Problem: The data below is to be transcribed word for word; pictures are to be excluded.

(Beginning of Data provided)

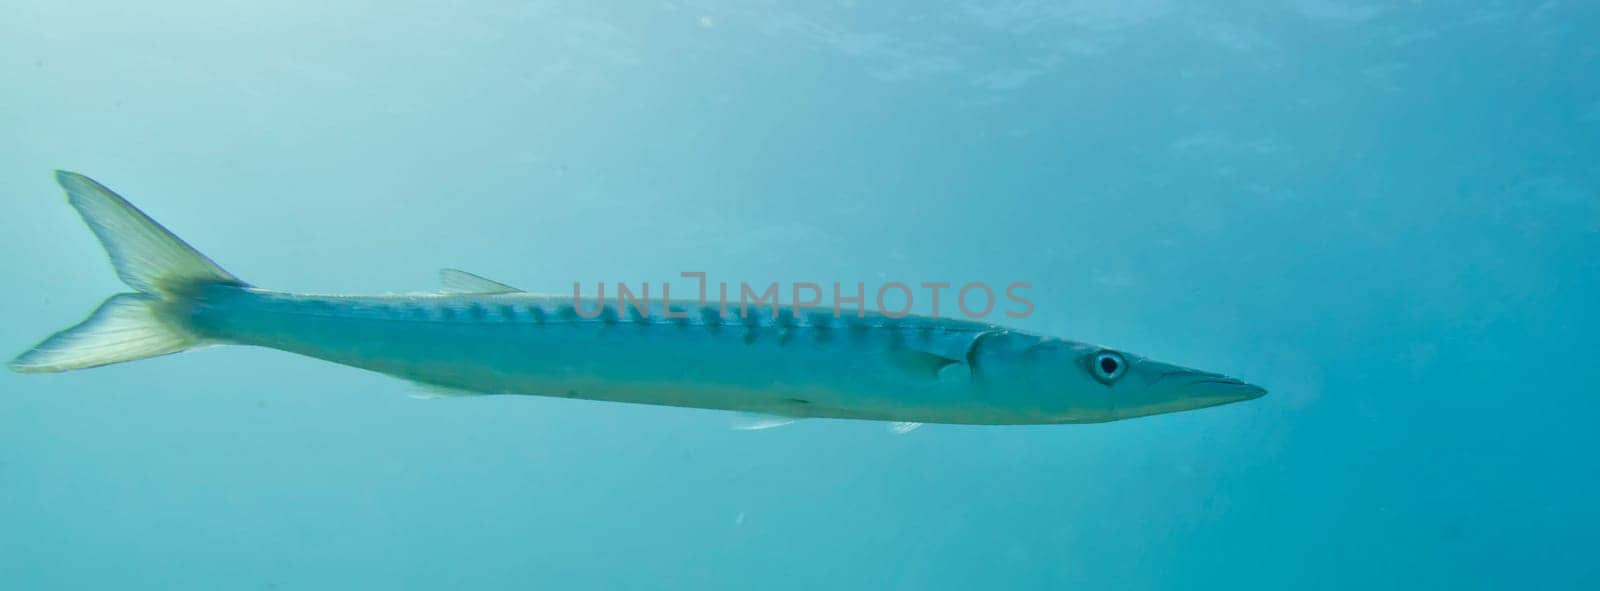 Barracuda Fish underwater close up portrait
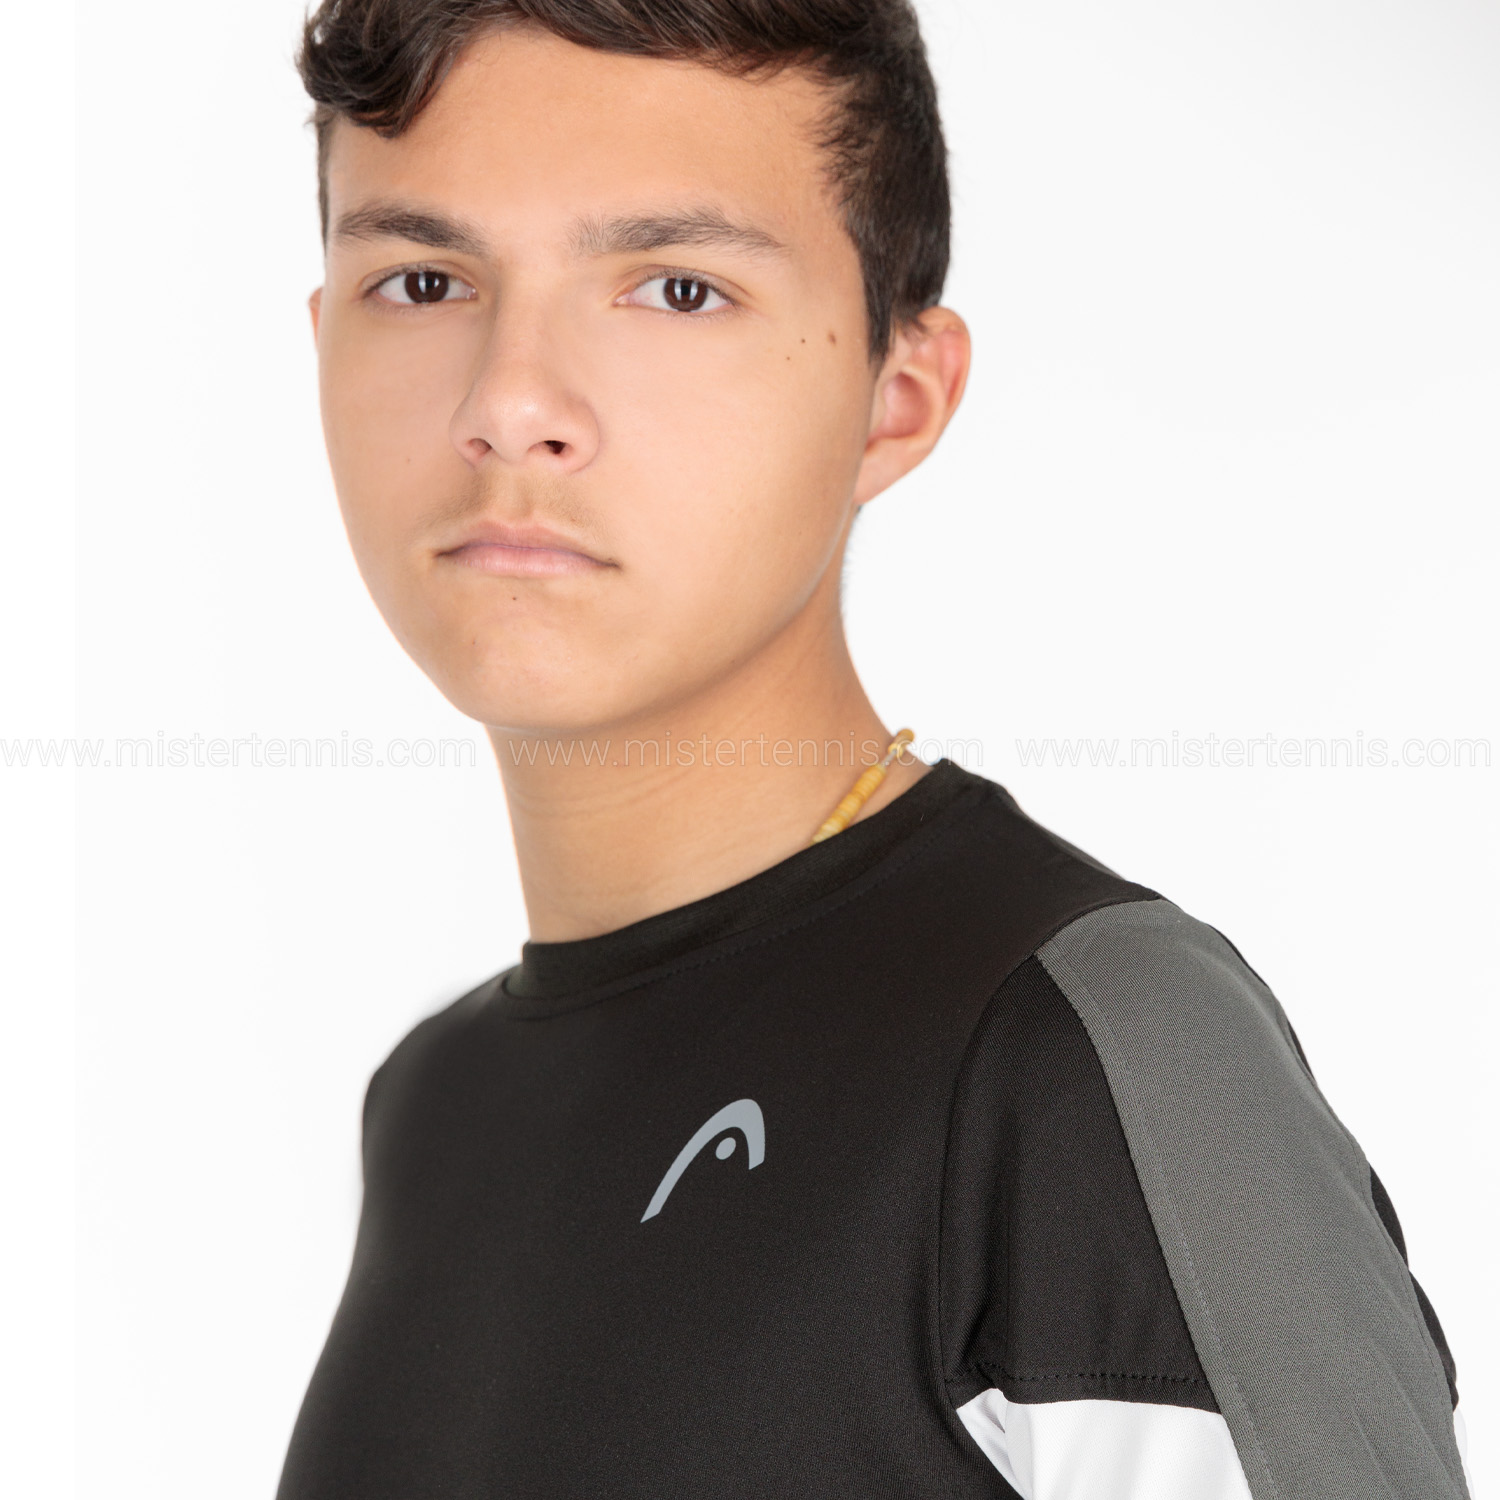 Head Club 22 Tech Camiseta Niño - Black
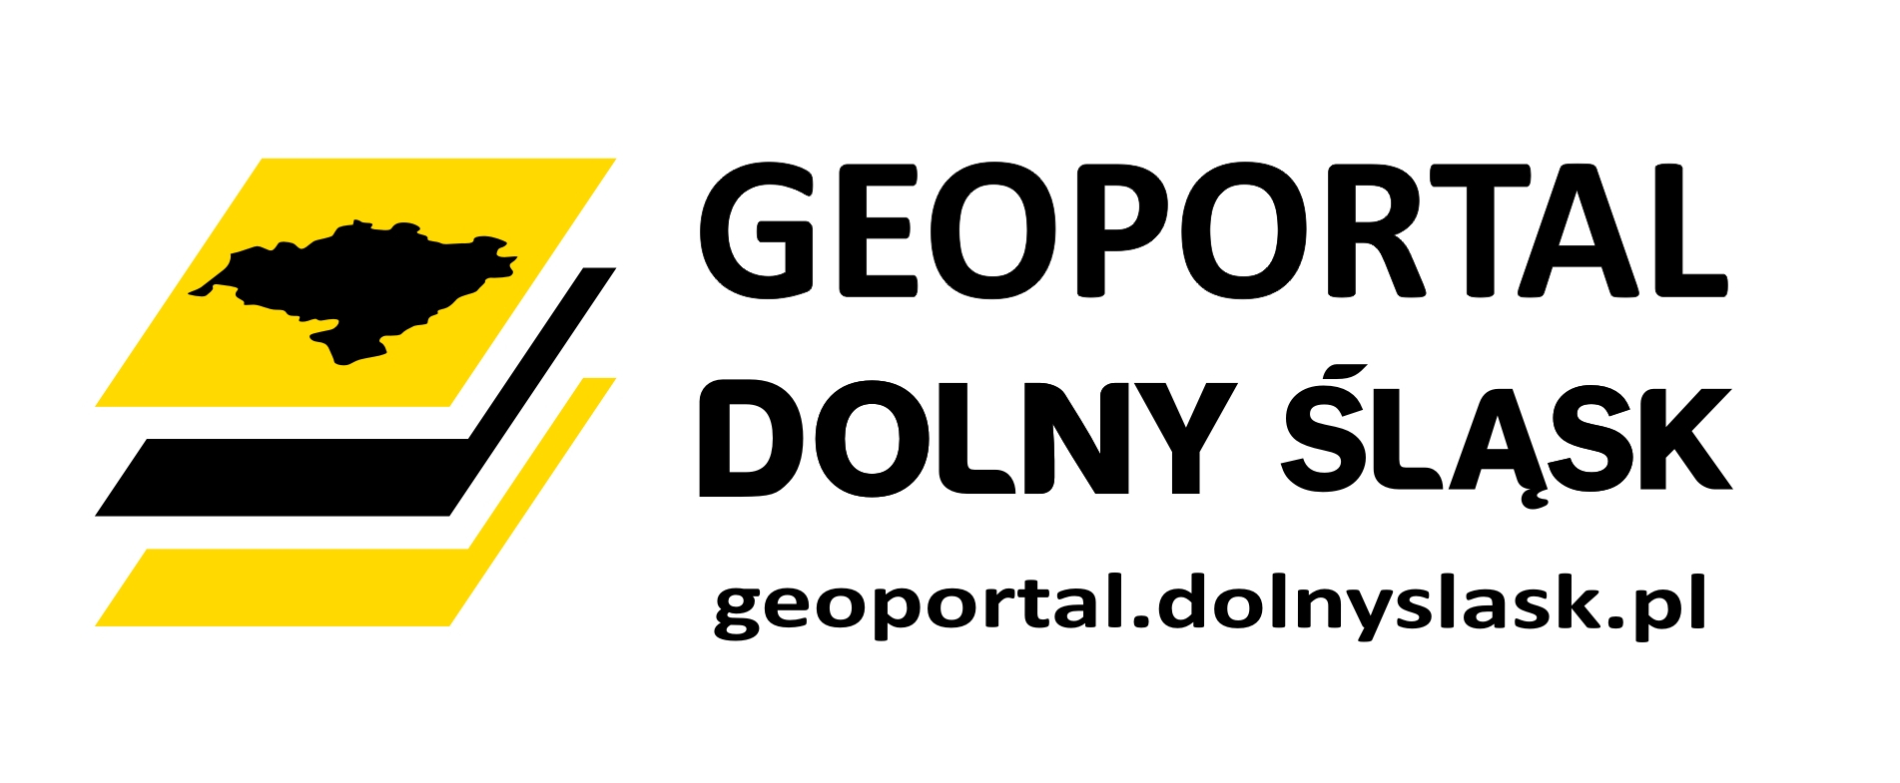 logo_geoportal_poziome.jpg
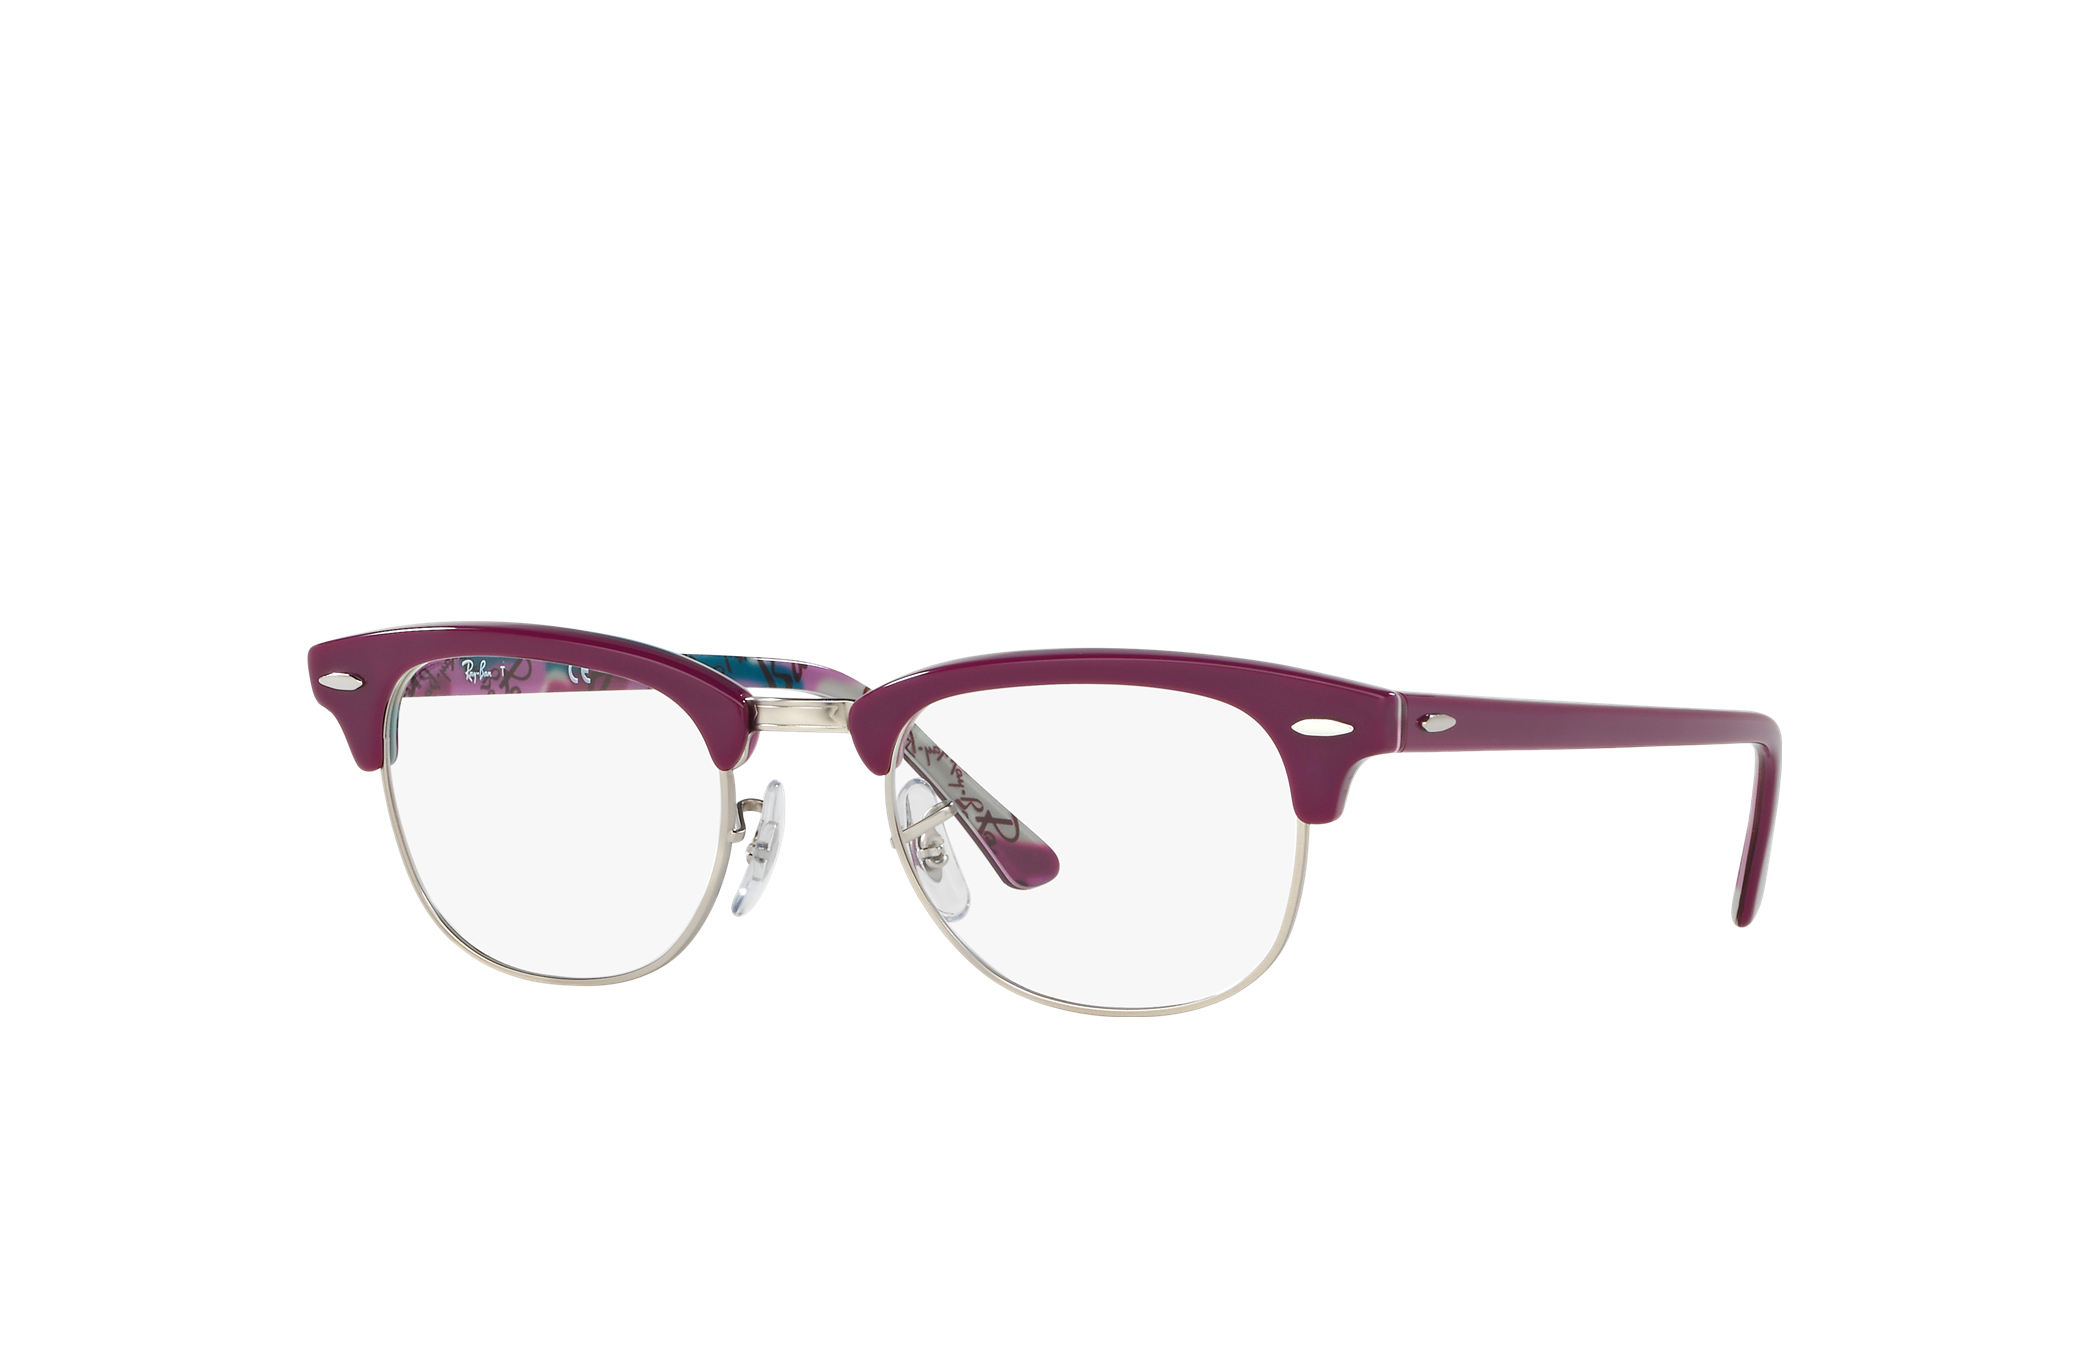 purple ray bans eyeglasses

(End of Data provided)

Written answer:
 Barracuda Fish underwater close up portrait
 Head Club 22 Tech Camiseta Niño - Black
 logo_geoportal_poziome.jpg
 purple ray bans eyeglasses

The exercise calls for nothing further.